The trade deficit widened to 1.45tn yen ($14bn, £8.4bn, €10bn) in March, up from 356.9bn yen in the same month last year, according to official data, thanks to the yen's weakness, which compounded surging imports.
Exports rose 1.8% to ¥6.38tn due to higher shipments of cars and processed fuel products. However, imports increased 18.1% to 7.83tn yen due to higher imports of crude oil and liquefied natural gas.
The country has raised its energy imports after it shut down all its nuclear reactors following the disastrous earthquake and tsunami in 2011 that hit the Fukushima nuclear plant. Nuclear plants had been supplying a third of Japan's power demand.

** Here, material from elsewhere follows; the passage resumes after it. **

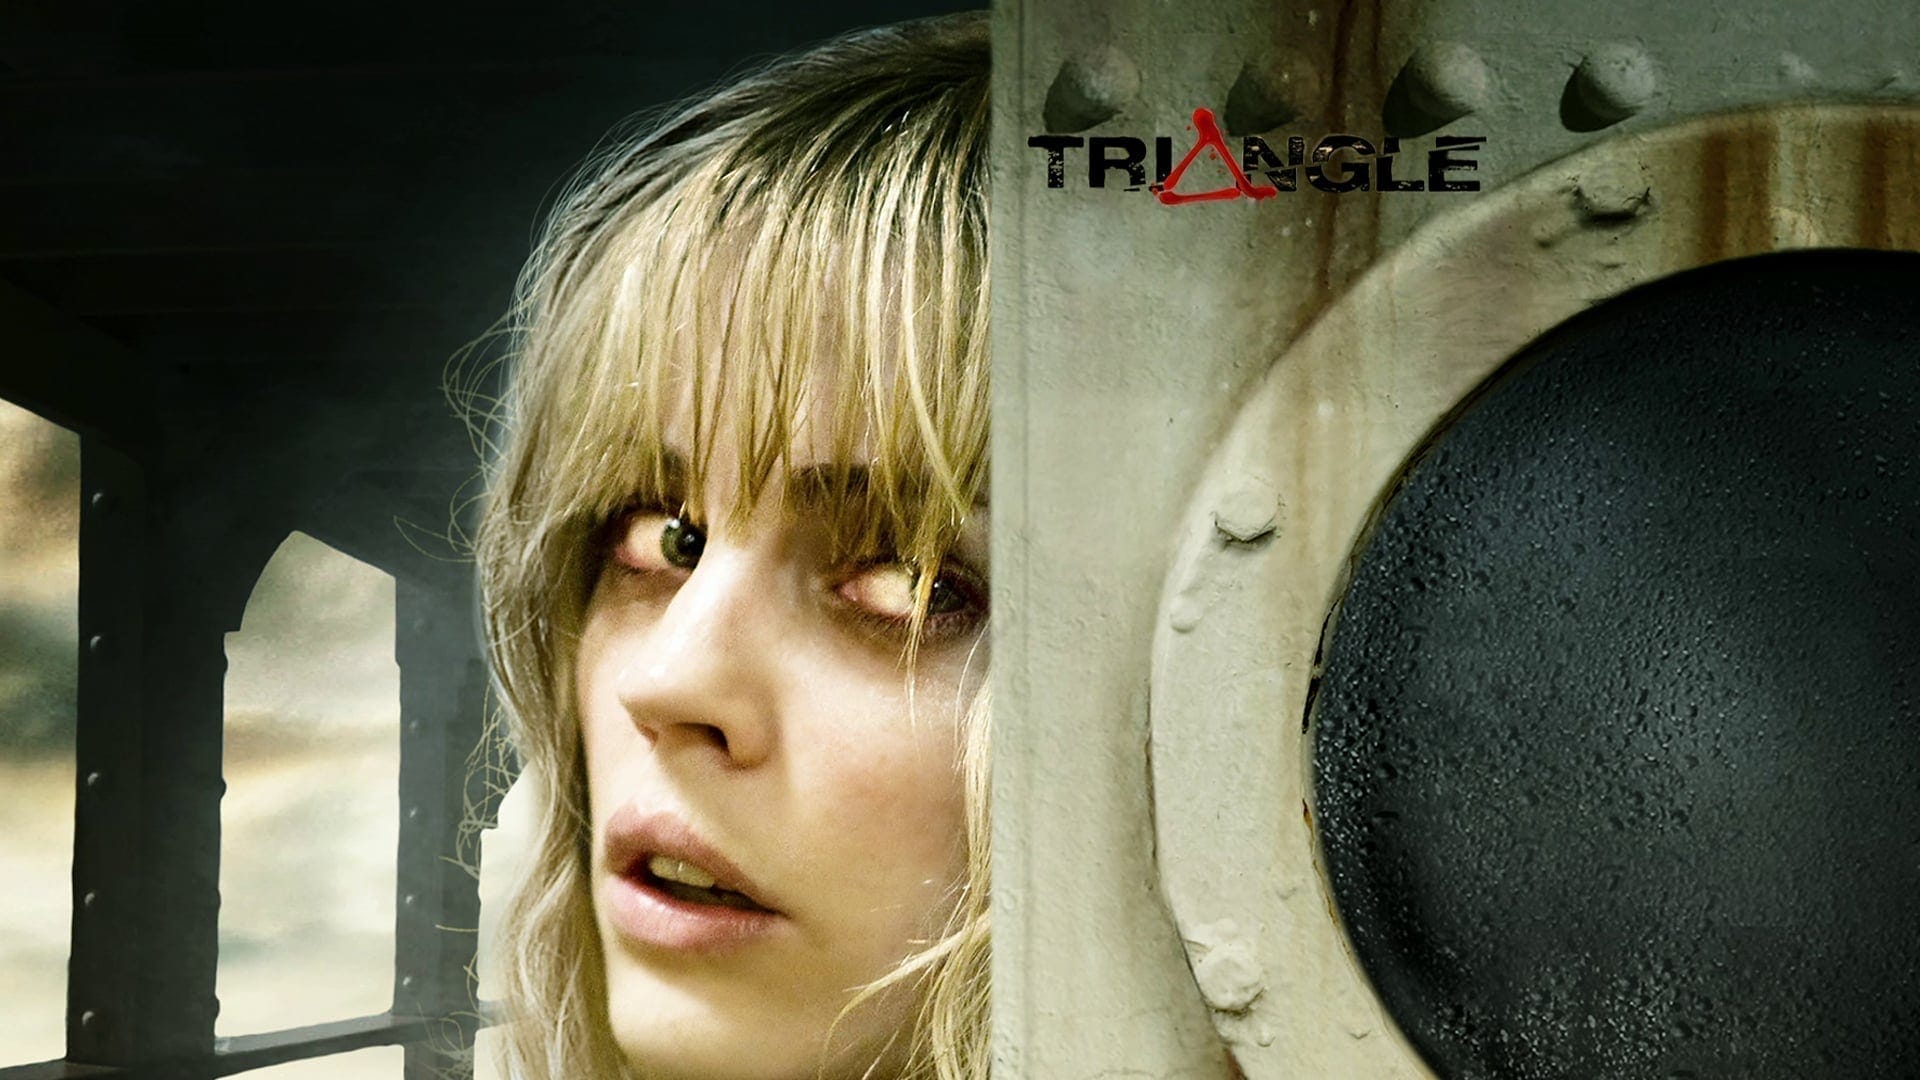 Imagen de la película "Triangle"
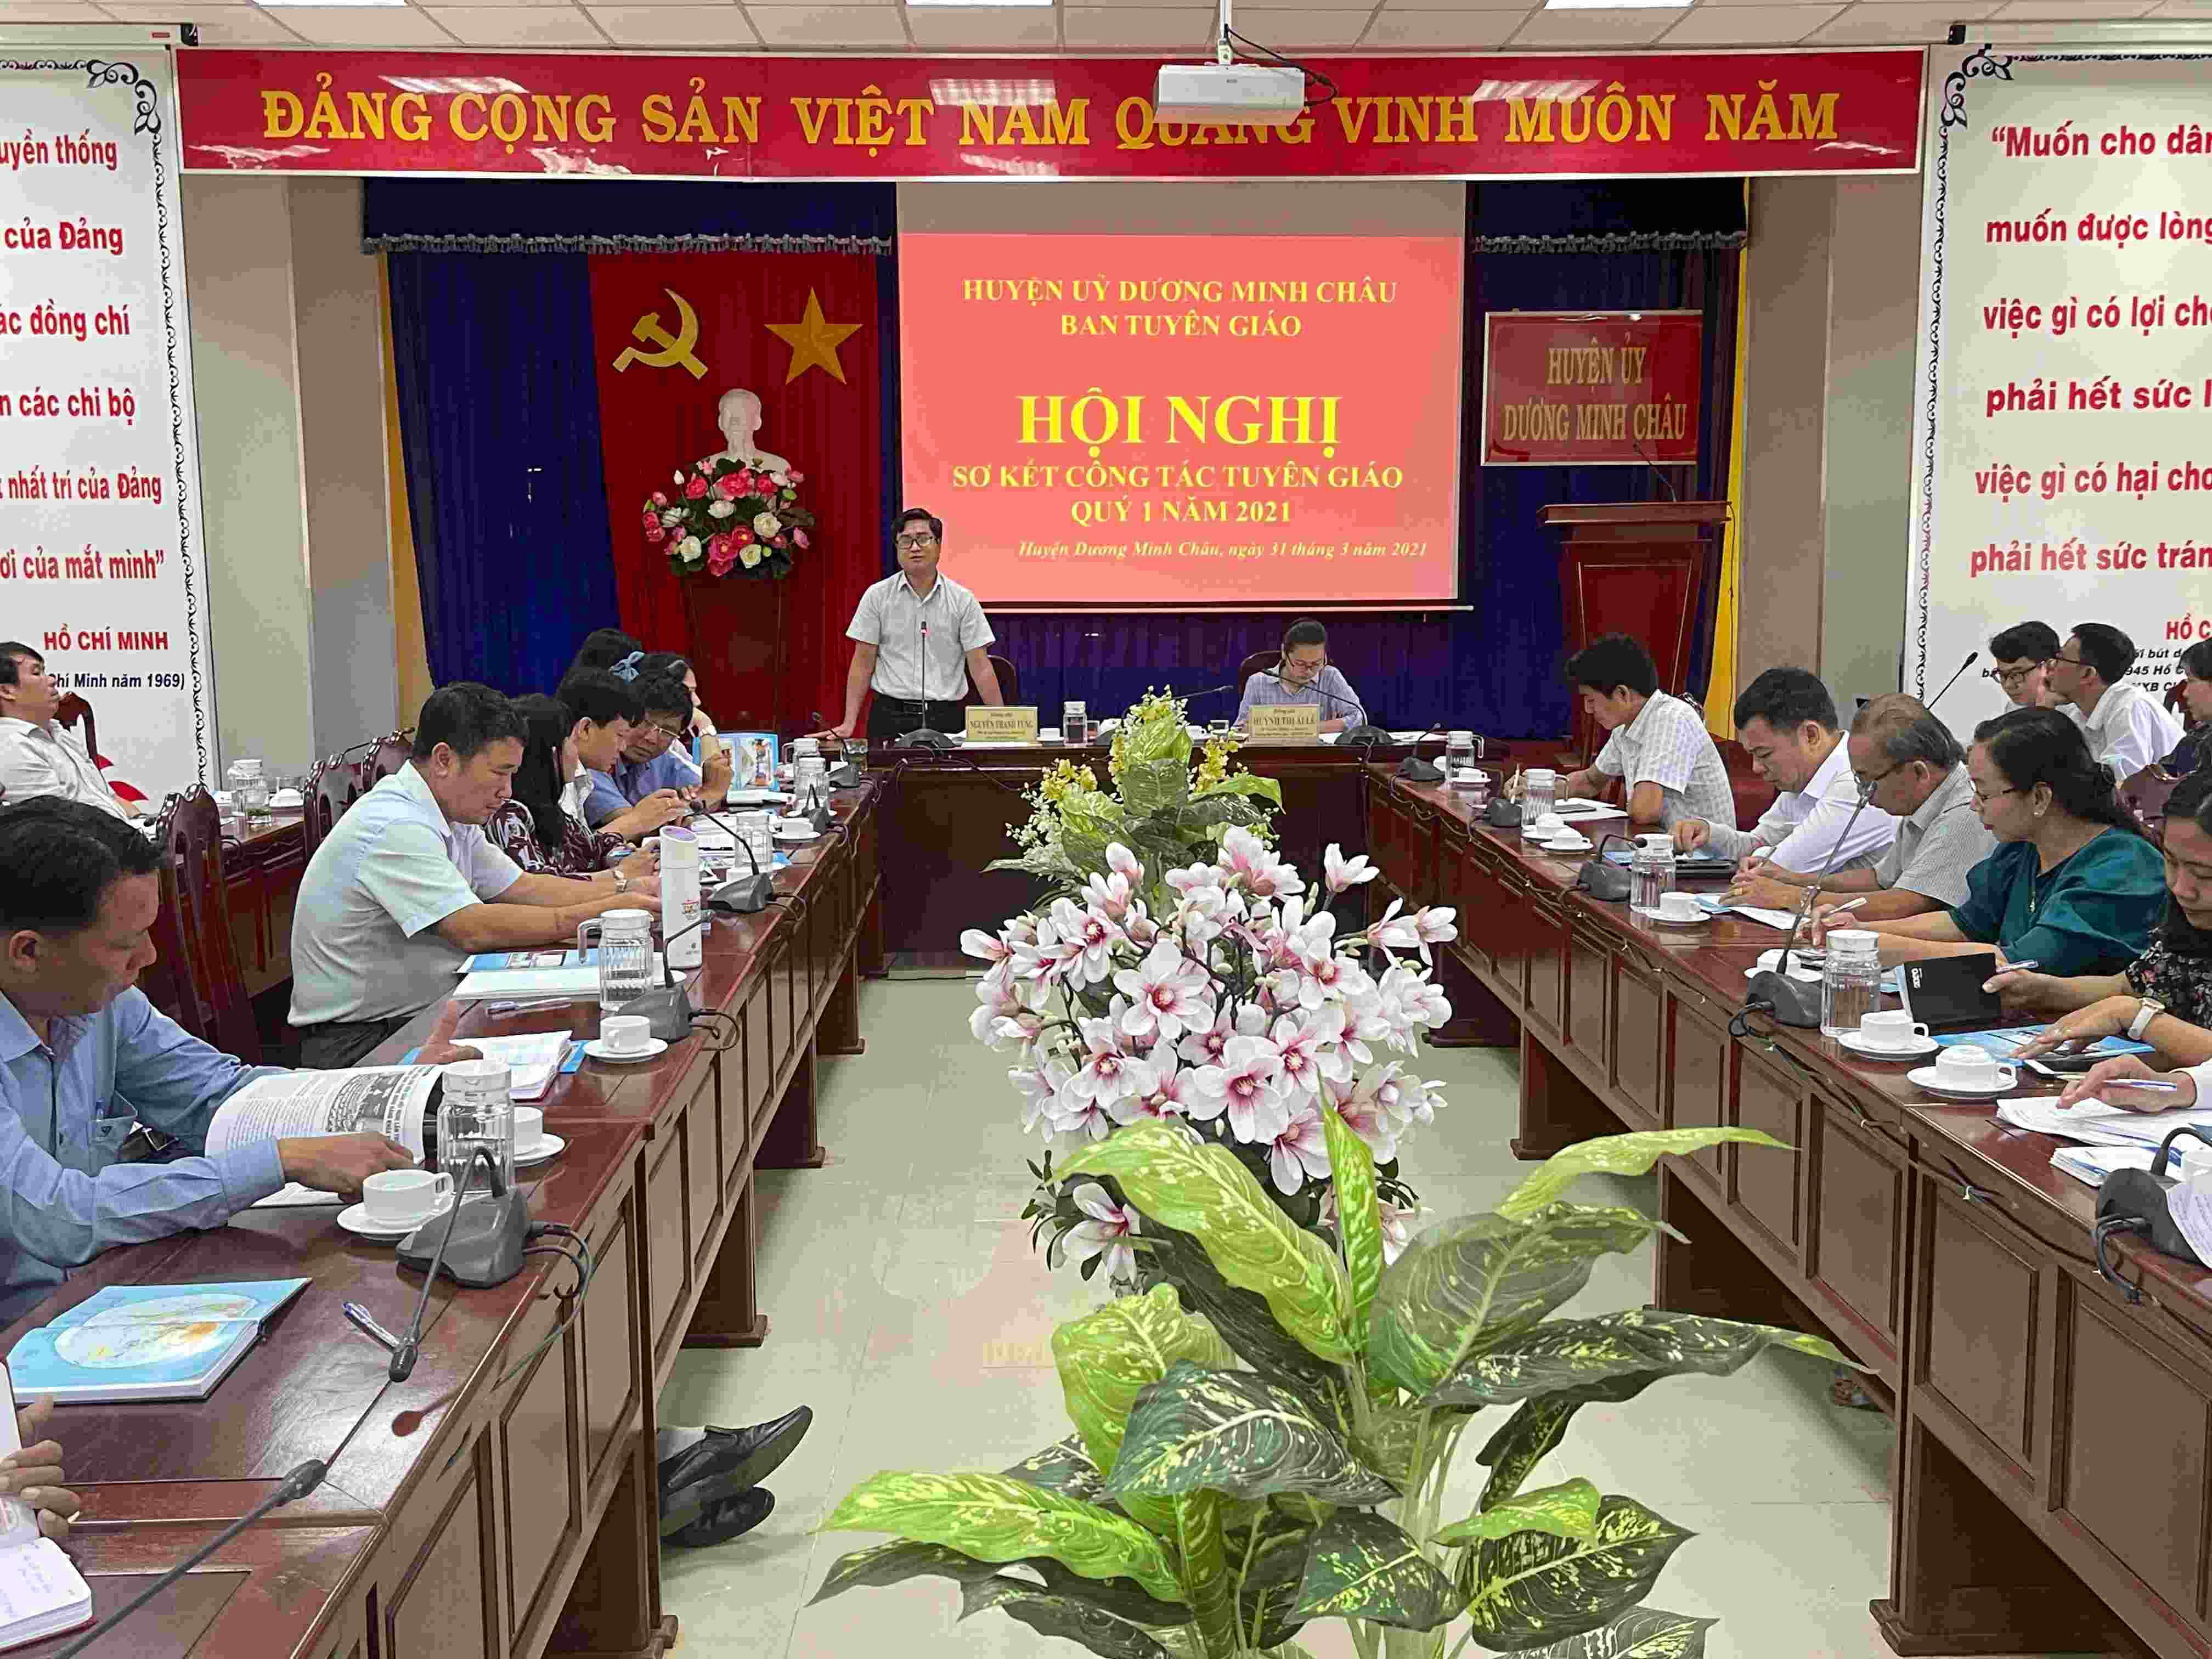 Ban Tuyên giáo Huyện ủy Dương Minh Châu: Sơ kết công tác Tuyên giáo quý I năm 2021

Imports of liquefied petroleum gas rose more than 8% in March from the same month last year.
The rise in imports is attributed to an increase in demand ahead of the sales tax hike to 8% from 5% starting April; it will rise again to 10% in October 2015.
In addition, the continued depreciation in the yen boosted the cost of imports. While the decline in the yen is good for exporters with better profits, it would increase the cost of imports. The Japanese currency was an average 8.7% cheaper against the dollar in March, compared with the level a year ago.
Analysts noted that import volumes would come down due to the sales tax hike and possible reopening of a number of nuclear reactors.
"Consumers are likely to rein in spending in the wake of this month's consumption tax hike, which should reduce import demand," said Marcel Thieliant, Japan economist at Capital Economics.
"The trade shortfall is likely to narrow in the second quarter, which should provide some support to GDP growth even as domestic demand is set to plunge."